Podemos concordar ou não com a delação premiada. Achar que é apenas uma influência do Brasil ou ser da opinião que, com o evoluir do crime (que é cada vez mais complexo e transnacional), os instrumentos da justiça também devem ser aperfeiçoados. Facto é que entre governantes e responsáveis da justiça muitos são os que vão fugindo ao tema, guardando para si o que pensam sobre a concessão de benefícios a quem se arrepende e decide contar o que sabe, possibilitando muitas vezes o que a justiça sozinha nunca conseguiria: a descoberta da verdade.
Esta quinta feira, o diretor da Polícia Judiciária aproveitou o seu discurso na Conferência Internacional de Integridade Desportiva, que aconteceu no edifício-sede da PJ, para fazer o que poucos têm feito: assumir uma posição e contribuir para que no país se abra espaço a uma discussão.
“Temos de lutar por um verdadeiro estatuto do arrependido, em que a sua aplicação não tenha apenas lugar na fase de julgamento. Há que ter confiança, o estatuto tem de passar para a fase de inquérito. Temos de nos deixar de cinismos e dizer ‘chega’ se queremos combater este tipo de criminalidade, em que as organizações criminosas têm um avanço de tal forma grande que não é possível recuperarmos o atraso”, disse Luís Neves, recordando que quando era magistrado se sentia frustrado por, muitas vezes, à falta deste instrumento, ser o arrependido o único a ser condenado. A coragem que o responsável pediu para que o debate avance não é compatível com o silêncio de muitos.
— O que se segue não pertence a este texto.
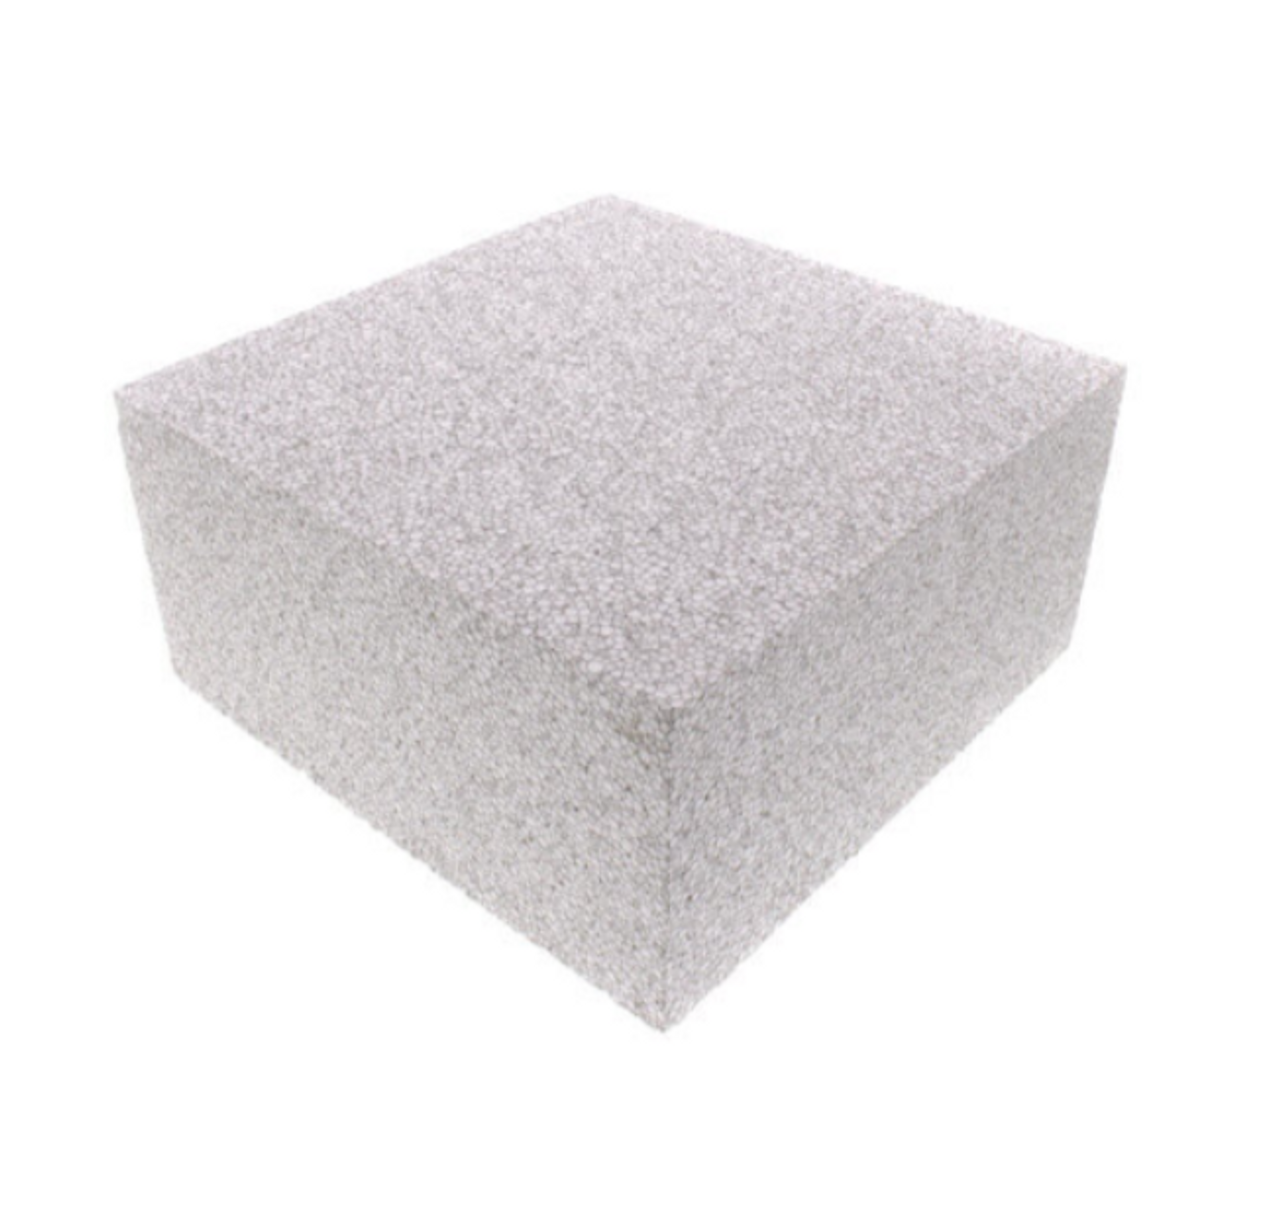 Foam Block 8 x 8 x 4 - Manufactured Duct Supply Company

No mesmo evento, também Amadeu Guerra, antigo diretor do Departamento Central de Investigação e Ação Penal e atual procurador-geral distrital de Lisboa, reiterou a sua posição: não faz sentido um futuro em que os denunciantes continuem a ser os principais prejudicados.
Se, por um lado, é certo que em 2016 a ministra da Justiça deixou claro ser “importante e possível” um debate sobre a delação premiada, por outro, a verdade é que esse debate, ao fim de quase três anos, ainda não aconteceu. E não aconteceu muito por falta de coragem dos atores da justiça e de quem governa o país.
Em Portugal, quem se opõe a este instrumento cola-o ao Brasil, tenta aproveitar-se de complexos e preconceitos em relação ao outro lado do Atlântico para que até o cidadão comum tenha uma opinião contrária a algo que porventura desconhece. Mas a delação, como Francisca Van Dunem já o disse, não é algo exclusivo do Brasil. Muito pelo contrário. “Os acordos sobre a sentença têm aplicação em ordenamentos com matriz jurídica e constitucional idêntica à nossa, como são os da Alemanha e de Itália, e baseiam-se num instituto sedimentado no nosso ordenamento – a confissão, da qual já hoje se extraem consequências processuais”, recordou há três anos a governante.
Quando li as declarações de Luís Neves lembrei-me de um silêncio paradigmático. Em 2016, numa entrevista que fiz ao então procurador- -geral da República do Brasil, Rodrigo Janot, este revelou-me o que até então não se sabia em Portugal, ou seja, a posição da sua congénere portuguesa, Joana Marques Vidal.
E também ele se esforçou por descolar este instrumento do Brasil: “Em alguns [países] é plea bargain, na Itália temos o patteggiamento”.
Concluindo, a dificuldade em Portugal em assumir uma posição sobre o tema, em lançar um debate, é tanta que nem a anterior PGR, conhecida por ter pulso forte no combate à grande corrupção e à criminalidade mais complexa, se arriscou a fazê-lo em público.
Mas tê-lo-á feito em privado, segundo me contou Janot nessa nossa conversa. “É pecado não usar delação”, disse, acrescentando: “A dra. Joana Marques Vidal está de acordo com isso também”.
É por tudo isto importante o apelo ao debate feito pelo diretor nacional da Polícia Judiciária, seja qual for a decisão final.